Габриэль слегка склонил голову на плечо. Она чувствовала себя диким зверьком, загнанным в угол, скорчившимся в три погибели, лохматым, испуганным. Он, напротив, был спокоен и сосредоточен.

— Я тебя понимаю, — ответила Алекс, ощущая боль в груди. Нет, стара она для таких штучек. — Я понимаю, что ты настолько одинок, что не в состоянии вынести утраты этой малой любви, единственной, которая у тебя есть. Даже если это и ненастоящая любовь. О Господи, Габриэль. Неужели он — всё, что у тебя есть?

Дэвис молчал. Она больше не чувствовала опасности. Он не хотел причинить ей зла. Просто смотрел на нее и думал.

— У вас тоже, кроме него, ничего нет.

Алекс открыла рот. Закрыла. Прошла вечность, прежде чем он встал с ее кровати, лег к себе, накрылся покрывалом и отвернулся. Она продолжала сидеть на полу, вся дрожа.

Наконец осторожно встала и прошла в ванную. Оглядела себя при мягком рассеянном свете и не обнаружила никаких синяков, которые можно было бы предъявить в качестве доказательства.

Видимо, он долго тренировался, чтобы не оставлять синяков. Алекс выдвинула ящик рядом с раковиной и заглянула внутрь.

Розовая беретка пропала. Исчезла, словно приснилась. Интересно, может, он ее теперь держит при себе, ближе к телу?

Она сменила тампон, поплескала в лицо холодной водой, поправила одежду и вышла.

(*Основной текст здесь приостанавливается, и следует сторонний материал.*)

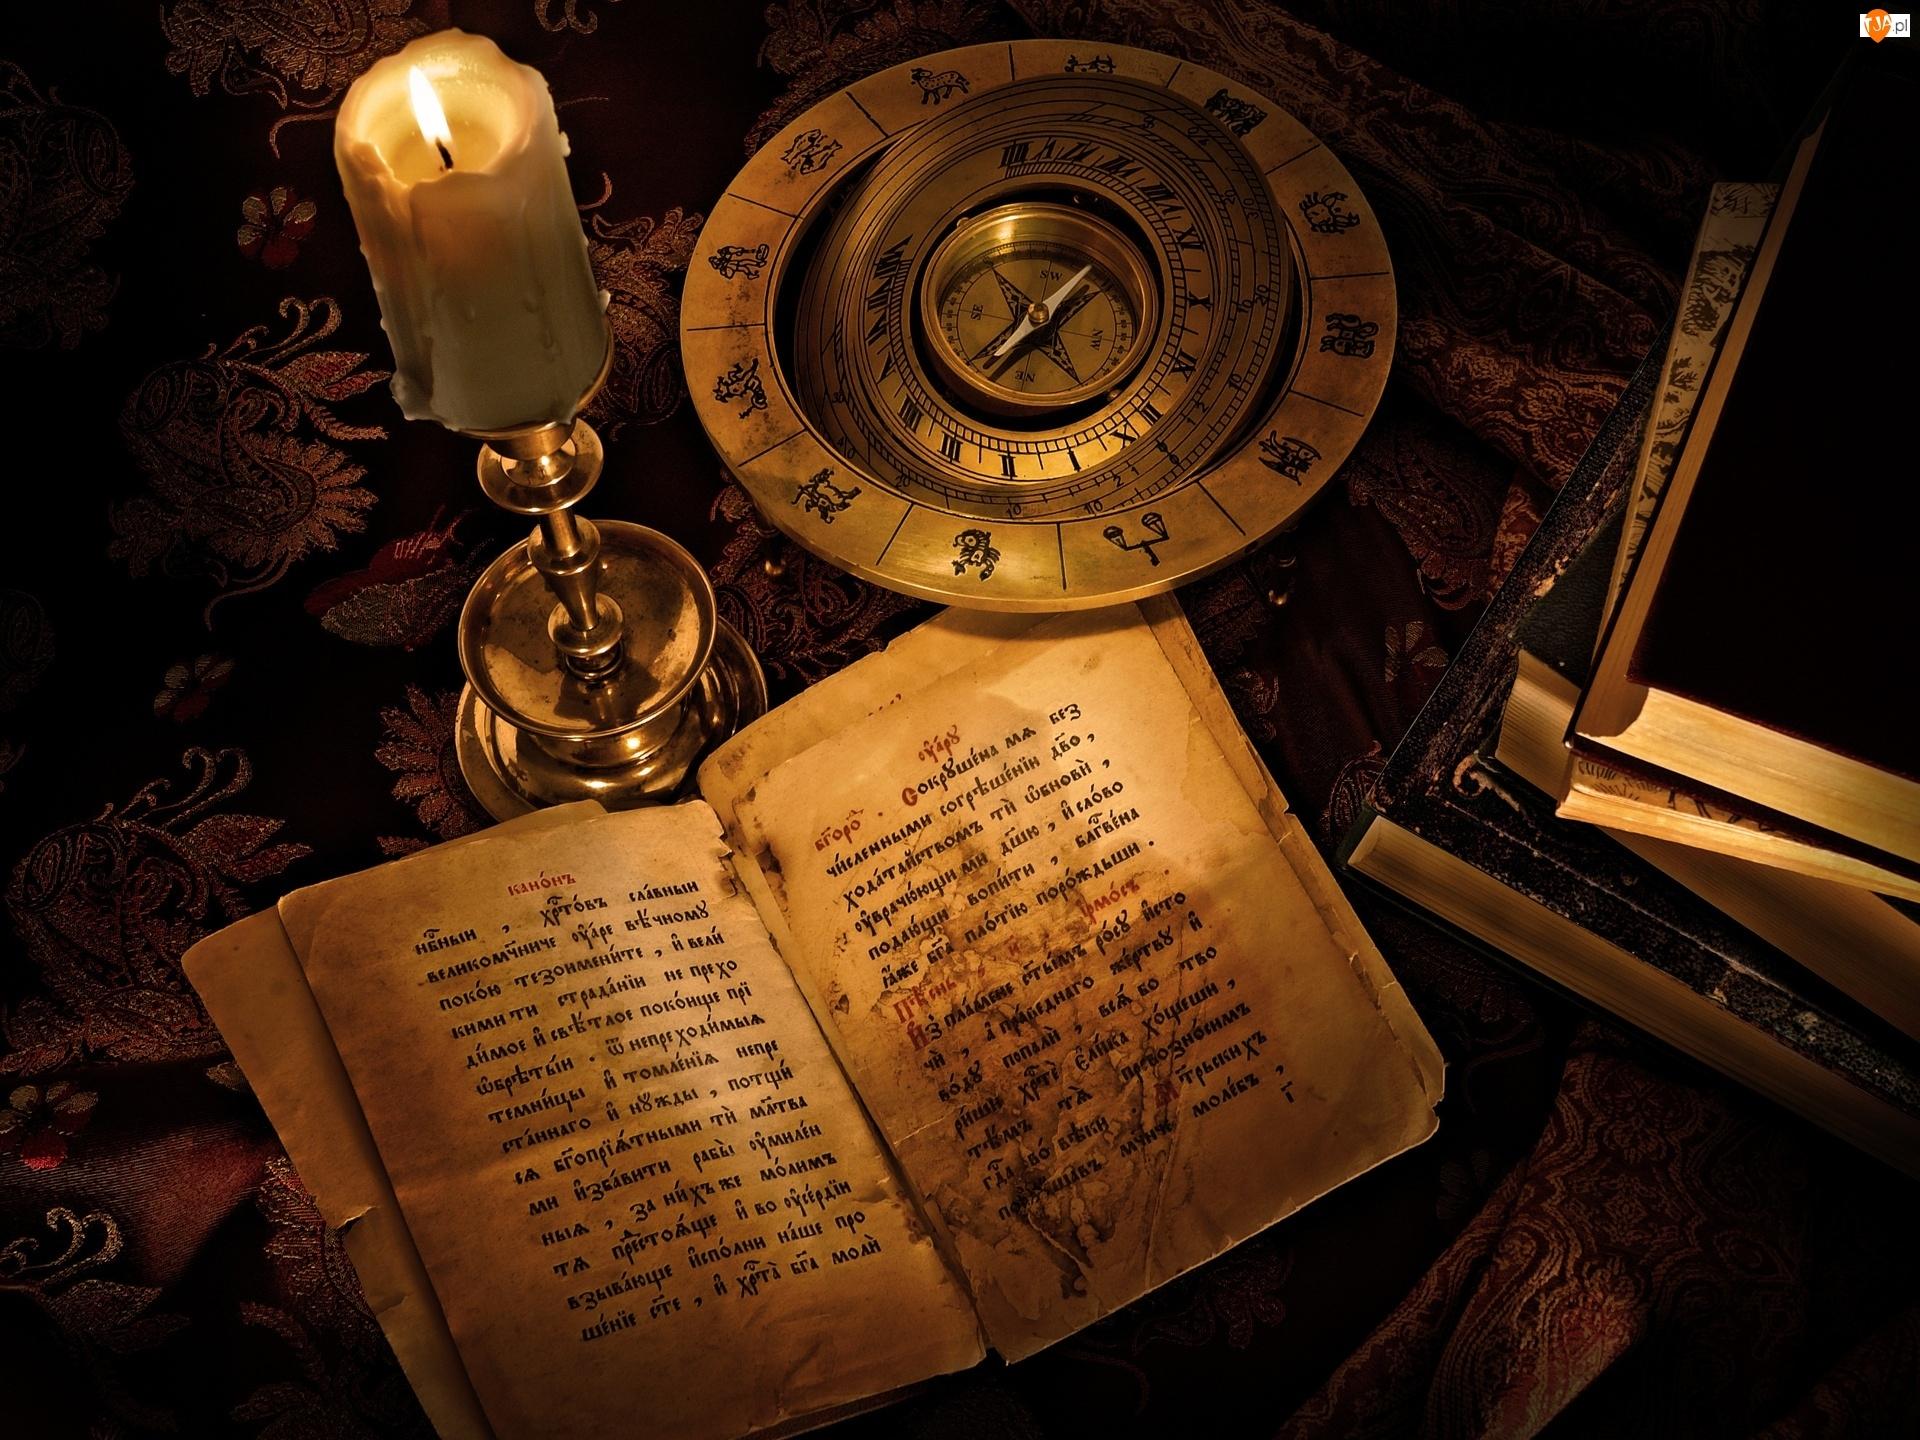 Kompozycja, Kompas, Świeca, Książki

Дэвис лежал неподвижной темной грудой, словно никогда и не вставал.

Липаски Алекс нашла внизу, в кафетерии, за чашкой крепкого черного кофе, с газетой в руках. Она села напротив. Увидев выражение ее лица, он вопросительно поднял брови.

— Почему ты меня не разбудил?

Липаски сложил газету и отложил в сторону.

— В этом городе газеты — просто дерьмо. Сплошные розовые слюни; все неприятности уходят под ковер. Не удивляюсь, почему ты не работаешь на это барахло.

— Черт побери, не смей меня больше оставлять! — бросила Алекс и принялась тереть глаза, чтобы остановить накатившие слезы. Его кресло скрипнуло. Она почувствовала на щеке теплую ладонь.

— Извини. Я думал, тебе надо отдохнуть.

Попытавшись рассмеяться, она издала несколько отрывистых звуков, больше похожих на лай.

— Да, конечно. Только в следующий раз не надо быть таким обходительным.

Он ничего не сказал, только подозрительно оглядел ее профессиональным взглядом полицейского. Алекс подозвала официанта и заказала кофе со сливками. Дежа-вю, подумала она, когда они с Липаски одновременно поднесли чашки к губам. Но он хотя бы не копировал ее, добавляя в кофе сливки и сахар.

— Ты говорил, что он звонил тебе каждое утро. Рассказывал, чем занимался, — заговорила Алекс. Липаски кивнул. — А он никогда не упоминал про… коллекционирование детских вещей?

— Например?

— Например, очков, которые были у него в руках. Например, розовой беретки, которую я нашла вчера в номере.

Липаски молча разглядывал свое отражение в черной жидкости.

— Ты видел его реакцию, когда я сказала про очки.

— Видел, — сухо и невыразительно подтвердил Энтони.

Алекс подалась вперед и взяла его за руку. Пальцы его были теплыми, но безжизненными. Рука человека, скончавшегося пару минут назад.

— Он говорил тебе об этом? — повторила Алекс.

Он поднял голову. Серые глаза были абсолютно непроницаемы.

— Нет.

— О чем еще он тебе не говорил?

Он высвободил руку, чтобы взять чашку. Прикусив губу, она следила за ним в надежде увидеть хотя бы тень собственных страхов, собственной злости. Ничего.

— В данный момент, Алекс, я прежде всего хочу спасти ему жизнь. Может, он нашел эти очки. А беретку купил.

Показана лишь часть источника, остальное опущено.